I will look at what each character wanted and whether they have developed according to that and how other characters in the play may view their change throughout the play. For example Frank and Rita may think they have got what they wanted but Denny may think that Rita has not developed or changed for the better. Firstly I will start by telling you about what the characters are like. Rita is an uneducated working housewife, stuck in a world her husband and family won’t let her escape from. She is unhappy unsure of herself and wants to be educated like other students.

She wants to fit in, and become more confident in herself and mainly she wants to find herself. This is the reason she decides to enrol herself into an Open University course where she meets Frank. Frank is also stuck, but this time on a path to self-destruction. He is a self-pitying ex-poet with a dire drinking problem currently trying to teach university students. He is unhappy with his life, he despises the students he teaches everyday and then Rita bursts into his life and he seems drawn to her.

At the beginning of the play Rita makes an entrance by bursting through the door, which can be seen as the struggle in which she has gone through in her life. As soon as she walks in she notices a picture which Frank has not noticed in ten years. This shows Rita’s enthusiasm compared to Frank. From the way they both address the issue you can tell that they come from very different backgrounds. Frank says the picture is “beautiful” but Rita says “it’s very erotic” We can tell from this that Frank is a cultured man who sees past the vulgarity of the picture that Rita sees.

She doesn’t have the knowledge or understanding of something like that to see anything other than its front. Frank at this point seems very depressed as at the beginning of the play it starts with Frank looking for his hidden bottle of alcohol. At this point however Rita seems full of life and enthusiastic to learn. This is shown in their difference in opinion of the picture in Frank’s office. We can also see that Frank is confident in himself although he is a bit of a wreck shown in the way that he cannot remember where he has hidden the alcohol; “Where the hell?…. E’…. ‘e’….. Dickens. ”

Rita at the beginning when she first walks in is a bit nervous and intimidated by Frank’s intellect and class, as she walks in and does not understand that Frank is asking her name; “I’m what? She also calls herself Rita, instead of her real name Susan, from the author of a book she has read, which she thinks is great; ‘Rubyfruit Jungle’. When Frank and Rita both meet in Frank’s office for the first time in Act one Scene one we the audience discover that Rita has a very strong Liverpool accent and used a great deal of slang.

She is also very talkative and uses informal language (foul language). This also reveals to the reader that Rita is very uneducated since she did not do well in school as explained already. Rita’s language at the beginning of the play is colloquial and the text shows that she has a working class accent. Throughout the play, as she integrates herself more and more into the society she aspires to, her language improves to a great extent. In Act 2 Scene 2, she tries to change her accent and ‘talk properly’ although she soon reverts to her normal tones.

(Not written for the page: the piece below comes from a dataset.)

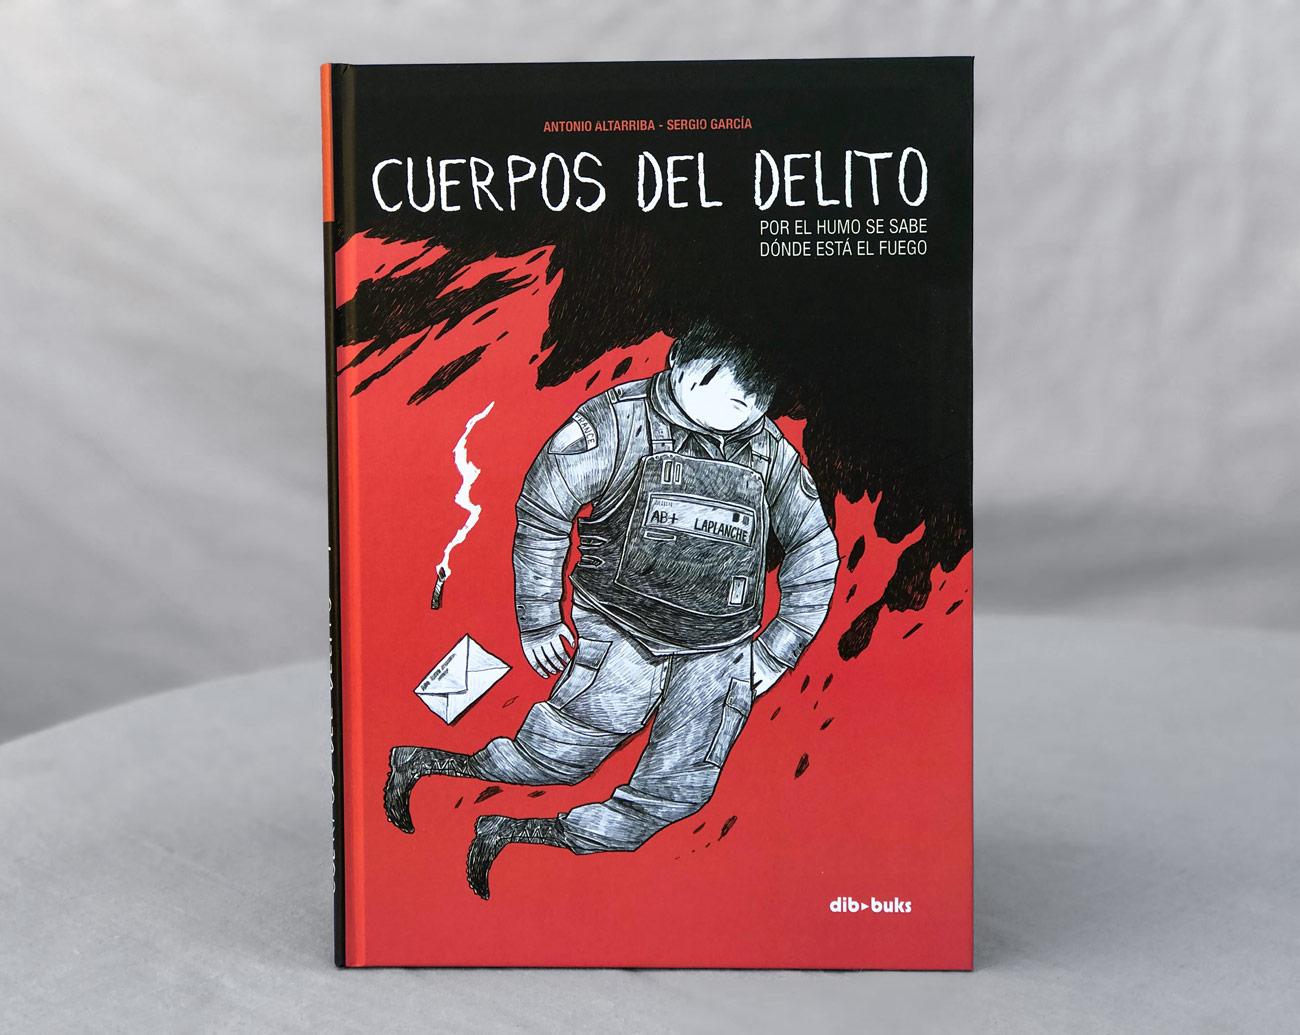 fando_portf_grafico_editorial_cuerpos_delito_1
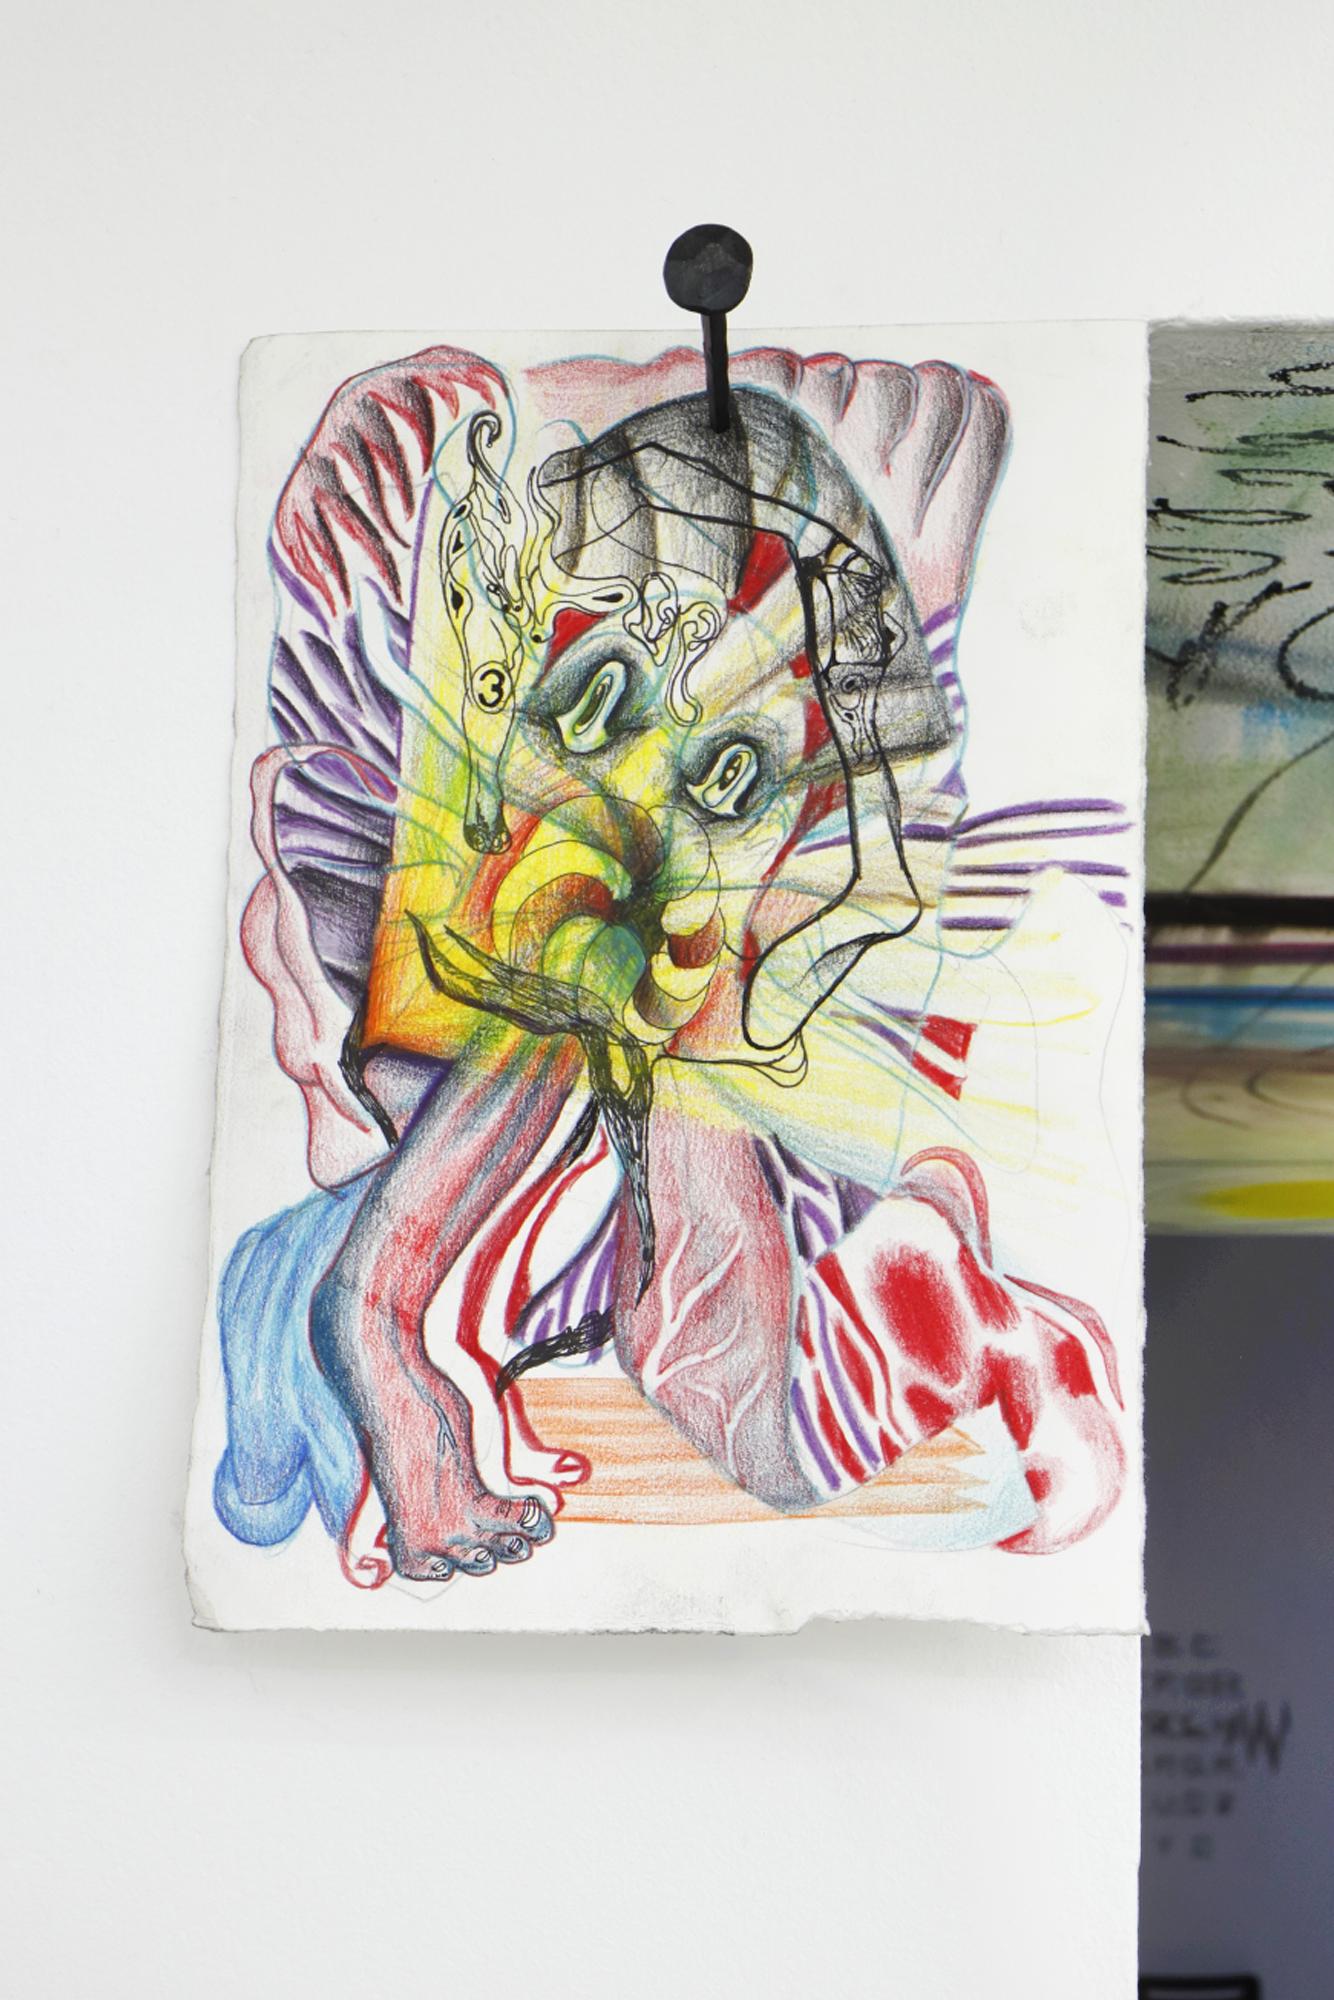 """Bora Akinciturk, Jaakko Pallasvuo, Viktor Timofeev, Evita Vasiļjeva, """"A Very Small Window"""", 2019, mixed medi"""

Willy Russell the author has deliberately created this effect so that the audience suspects that there will be no hope for Rita in learning and getting what she wants out of the course. Frank is an educated man, albeit a troubled one, which is perhaps the reason for his pessimistic outlook on life. This is reflected in his language. He is very sarcastic; a perfect example of his sarcasm is this extract – where he is on the phone to his partner Julia: “. . . Look if you’re trying to induce some feeling of guilt in me over the prospect of a burnt dinner, you should have prepared something other than lamb and ratatouille . . Because, darling, I like my lamb done to the point of abuse and even I know that ratatouille cannot be burned . . . Darling, you could incinerate ratatouille and it still wouldn’t burn. . ”

He uses his sarcasm as a fai?? ade for the problems he faces with his job and his home life – these problems are also the reason for his drinking. Frank speaks Standard English and it does not seem that he speaks with a strong liverpudlian accent like Rita does. The overall language theme of the plays humorous – the writer Willy Russell makes the interaction and repartee between Frank and Rita witty and entertaining.

Sometimes in parts of the play Frank and Rita so completely miss each other’s points they could be speaking different languages. So what I have gathered so far is that they are both two very different people. Frank is quite surprised with Rita and what she is like. Frank looks like an alcoholic who hates his life and Rita can be seen as a young woman who is enthusiastic about life and wants to learn in order to give herself choices in life. They are both different classes, Rita being from a working class family that is not prosperous or well educated although Frank is a middle class man who has a descent house and is very well educated.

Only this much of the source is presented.